2.3. Unused Heart Donors RNA Sequencing Data Acquisition and Processing
Human BD non‐failing left ventricles normalized and log‐transformed microarray data, which were sequenced by the Affymetrix Human Gene 1.1 ST array, were downloaded from the NCBI Gene Expression Omnibus (GEO) database using R package GEOquery through accession GSE57338. To investigate compositional changes underlying neuro‐inflammation in iLQTS BD heart donors, we employed several analytical approaches: single‐sample gene set enrichment analysis (ssGSEA) and gene set variation analysis (GSVA) were conducted to obtain pathway enrichment and leukocyte composition scores for correlation analysis; CIBERSORT digital sorting algorithm, utilizing the gene signature of Leukocyte matrix 22 (LM22) [22, 23], was used to obtain leukocyte composition scores for correlation analysis; cell enrichment analysis was performed using XCell [24], a computational method designed to estimate the abundance of various cell types within complex tissue samples using gene expression data. Permutations were run 1000 times in both ssGSEA and GSVA analyses.
2.4. Statistical Analysis
All data in Table S1 are presented as n (%) or mean ± SD. Between‐group differences in baseline characteristics were analyzed using a Pearson's Chi‐square for categorical variables and a Wilcoxon rank sum test for continuous variables. Analysis was performed using R statistical software, Version 4.1. A two‐sided 0.05 significance level was used for hypothesis testing. Correlations between pathways enrichment score and immune cell compositions were analyzed using Pearson correlation method.
3. Results
3.1. Baseline Characteristics of All and Propensity Score Matched BD Donor snRNAseq Heart Samples
We identified 20 BD donor left ventricular snRNAseq samples (healthy, N = 16 and iLQTS, N = 4) in a study which fulfilled our criteria for further downstream analyses. Baseline characteristic of the samples was shown in Table S1. Before adjusting the variables, we found that age of iLQTS were significantly higher compared to the other non‐arrhythmic healthy hearts (average 64 vs. 46 years, p = 0.037), whereas other baseline parameters including sex, BMI, hypertension, diabetes, chronic kidney disease, and smoking history were similar. This indicates that aged donors itself may represent an increased risk for BD related iLQTS, but require further validating. Owing to the discrepancy of baseline characteristics between the group, we performed PSM with all the parameters to remove potential confounding factors prior to subsequent transcriptome analyses (Table S1). We applied PSM with a 1:1 sampling ratio, leaving four normal samples without arrhythmia and four iLQTS samples with balanced baseline characteristics (SMD < 0.1 for all variables). Before and after PSM baseline characteristics comparing both groups were shown in Table S1.
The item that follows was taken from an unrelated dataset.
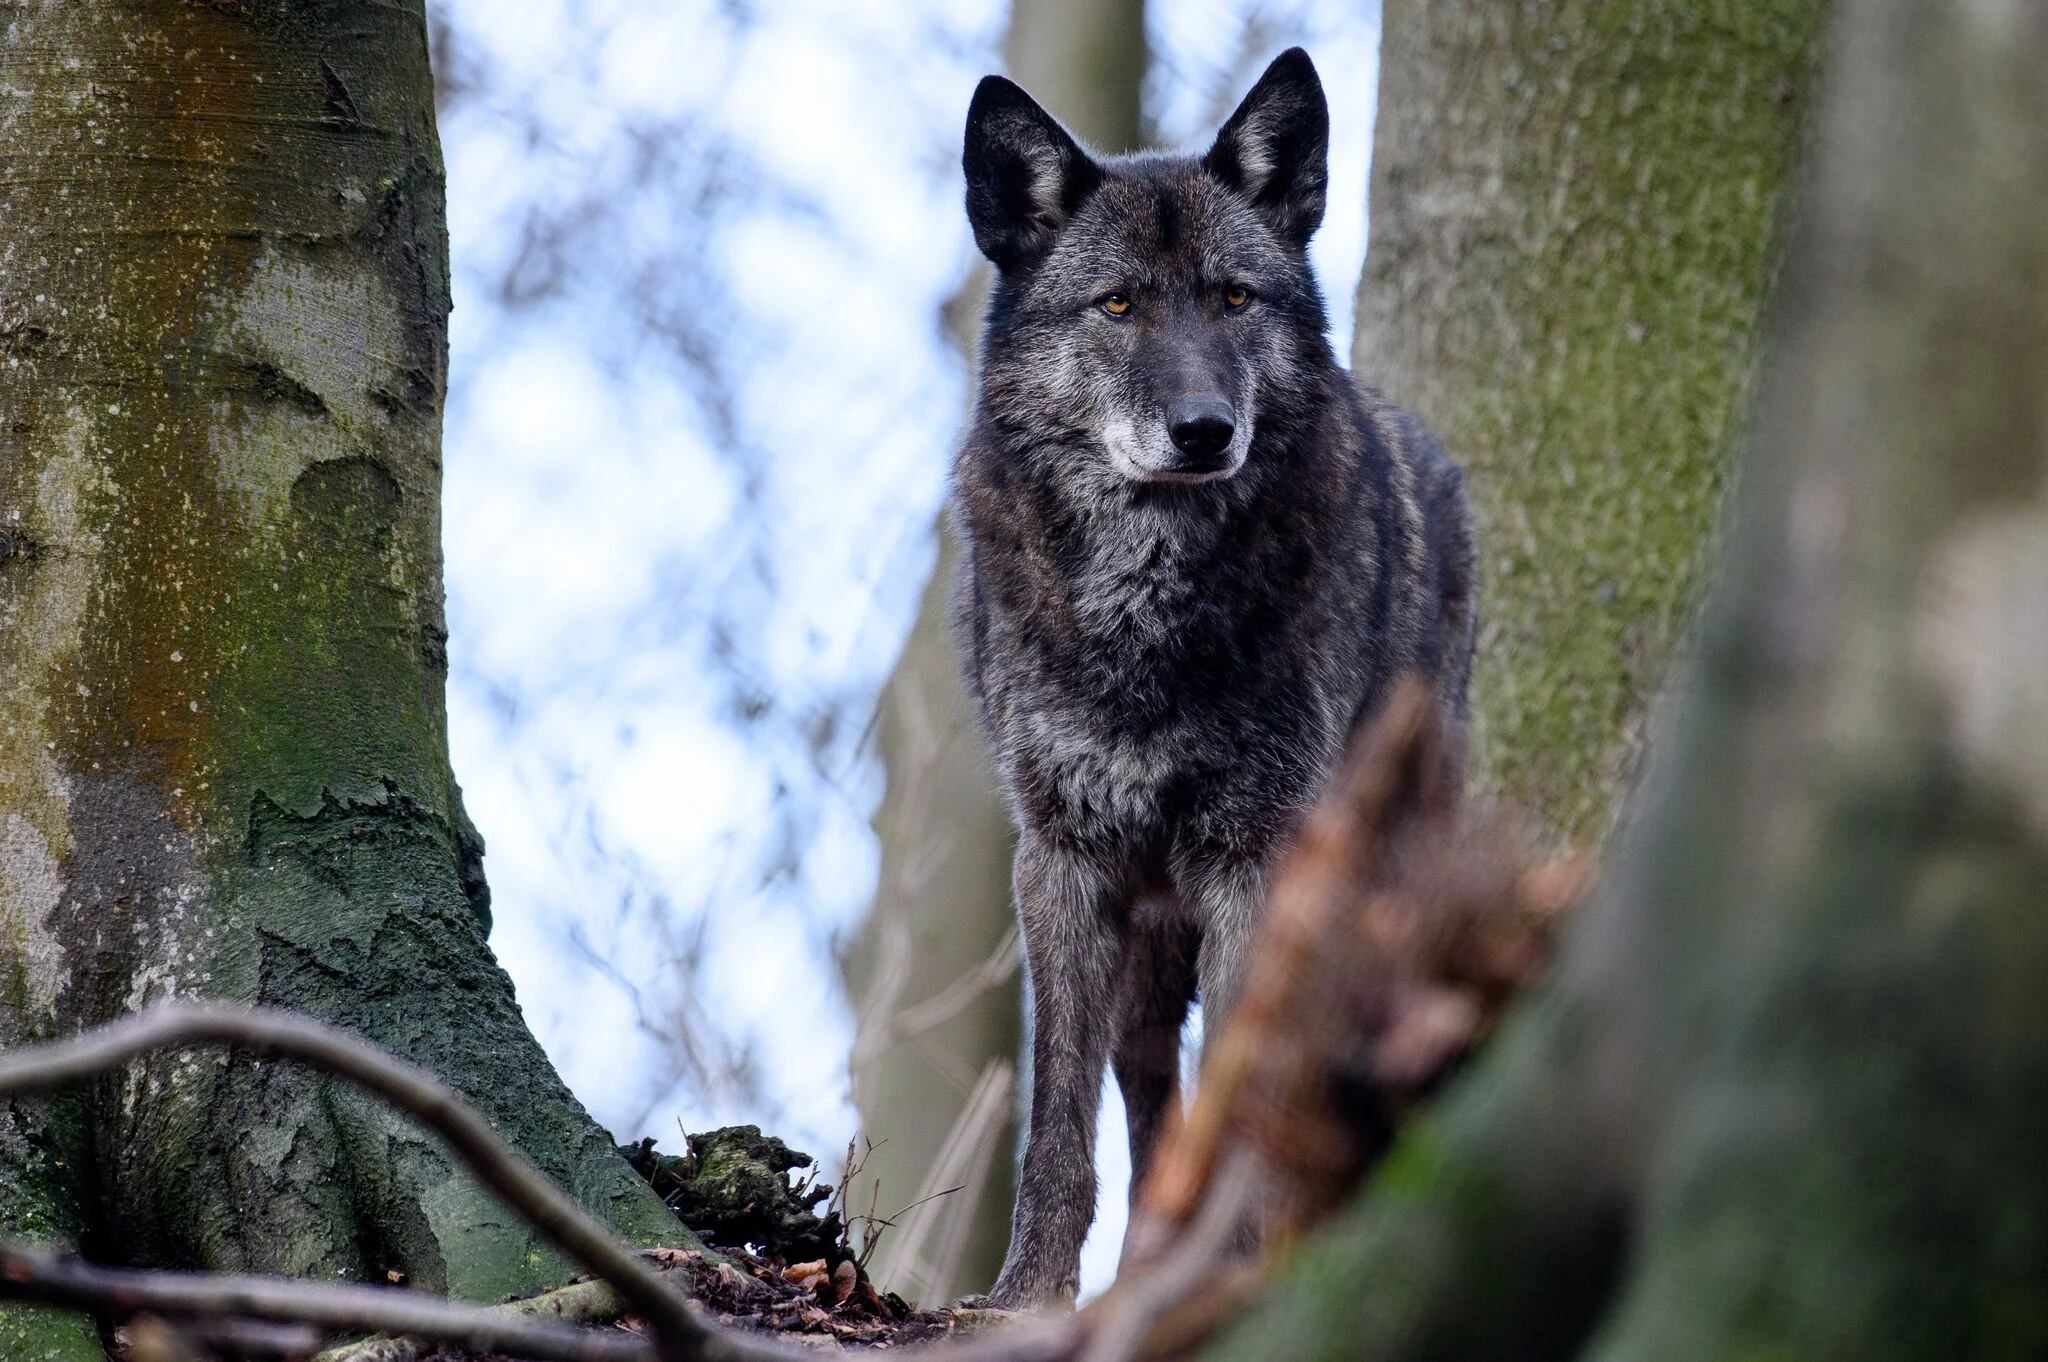 El cumplimiento estricto de las reglas y el sostenimiento de jerarquías claras son premisas ineludibles para los lobos (Swen Pförtner/dpa)

3.2. Myocardial Single‐Nuclei Profiling Reveals Increased T Cell Composition in BD Donor Hearts With iLQTS
Here we present single nuclei study of propensity score matched non‐arrhythmic and iLQTS BD donor left ventricular samples. Brief workflow of the current study as shown in Figure 1A. A total of 30,552 number of nuclei (N nuclei) from four normal (N nuclei = 16,901) and four iLQTS (13,651) samples passed the quality control threshold and were included in our subsequent analysis (Figure 1B,C). Following this, we conducted UMAP dimensionality reduction to simplify the high‐dimensional data. Subsequently, we applied KNN‐clustering to identify distinct cellular populations. We manually annotated each cluster based on their highly expressed specific genes, as previously reported in the literature [25]. Specifically, we identified clusters as Endothelial (VWF), myeloid (C1QC), T cells (CD3E), Pericyte (KCNJ8), Fibroblast (DCN), Smooth Muscle (MYH11), Cardiomyocyte (RYR2), Lymphatic Endothelial (CCL21), Neuronal (NRXN1), and Mast cells (KIT) (Figure 1D). Absolute count of nuclei across all annotated cell types in each sample were shown in Table S2. We then compared cellular compositions between both conditions by using Milo differential abundance testing (Figure 1E,F). Interestingly, we found that the abundance of mast cells and T cells were increased in iLQTS compared to healthy donors. Furthermore, both cell types showed statistically significant differences in their ratios (Figure 1G illustrates the per‐sample ratios, while Figure 1H presents the statistical testing results).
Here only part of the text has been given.